The asset-specific conventions are just as concrete. For hotels, the STR competitive-set guidelines, effective January 1, 2017, require a minimum of four properties excluding the subject, at least three of them unaffiliated, representing at least two unaffiliated companies, with no single brand exceeding 50 percent and no single company exceeding 70 percent of participating room supply; a compset that violates those ratios is not defensible. For multifamily and LIHTC, NCHMA's Model Content Standards, updated September 2025, govern capture- and penetration-rate methodology — treating a capture rate below ten percent as generally acceptable and up to fifteen percent acceptable in documented fast-growth markets, and requiring capture to be run by AMI band and bedroom count rather than in aggregate.
Financial projections and the DSCR floor
The second category is aggressive financial projection: a revenue ramp or absorption assumption that outruns the evidence, expense ratios inconsistent with industry benchmarks, break-even and sensitivity analysis missing, and — the recurring offender — a model that books stabilized performance from day one and ignores the ramp. The mechanics of deriving a defensible ramp are the subject of a companion note on absorption forensics.

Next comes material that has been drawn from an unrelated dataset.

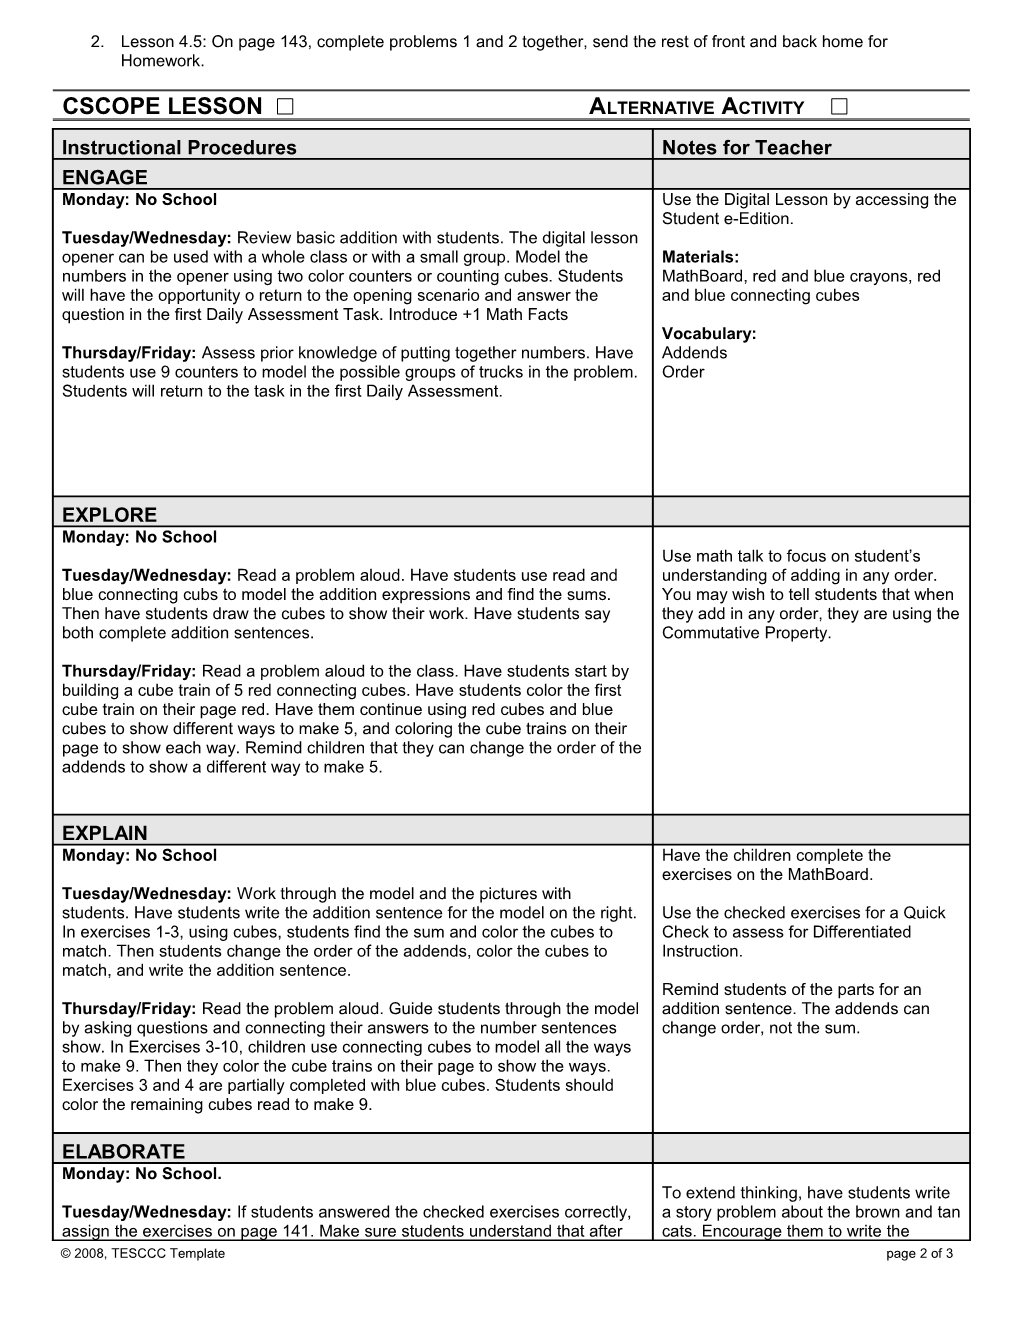 Cscope Lesson Plan Template s2

The hardest number in the file is the DSCR floor, and it is where most financial rejections happen. Under SOP 50 10 8, the SBA requires a minimum projected DSCR of 1.15x — 1.10x for 7(a) small loans under the March 1, 2026 update — while most SBA lenders target 1.25x internally and the most conservative require 1.50x. Conventional floors are tiered rather than singular. Freddie Mac's Optigo Small Balance Loan program, for instance, ranges from a 1.20x minimum in top markets to 1.50x for full-term interest-only financing in very small markets. For conventional multifamily agency debt, both GSEs sit at 1.25x: Freddie Mac's Multi PC Program Overview, as of March 31, 2026, states that "for fixed-rate Conventional Loans, the debt-service coverage ratio (DSCR) must be at least 1.25x for the first mortgage," and Fannie Mae's Standard DUS product carries "a minimum 1.25x DSCR requirement."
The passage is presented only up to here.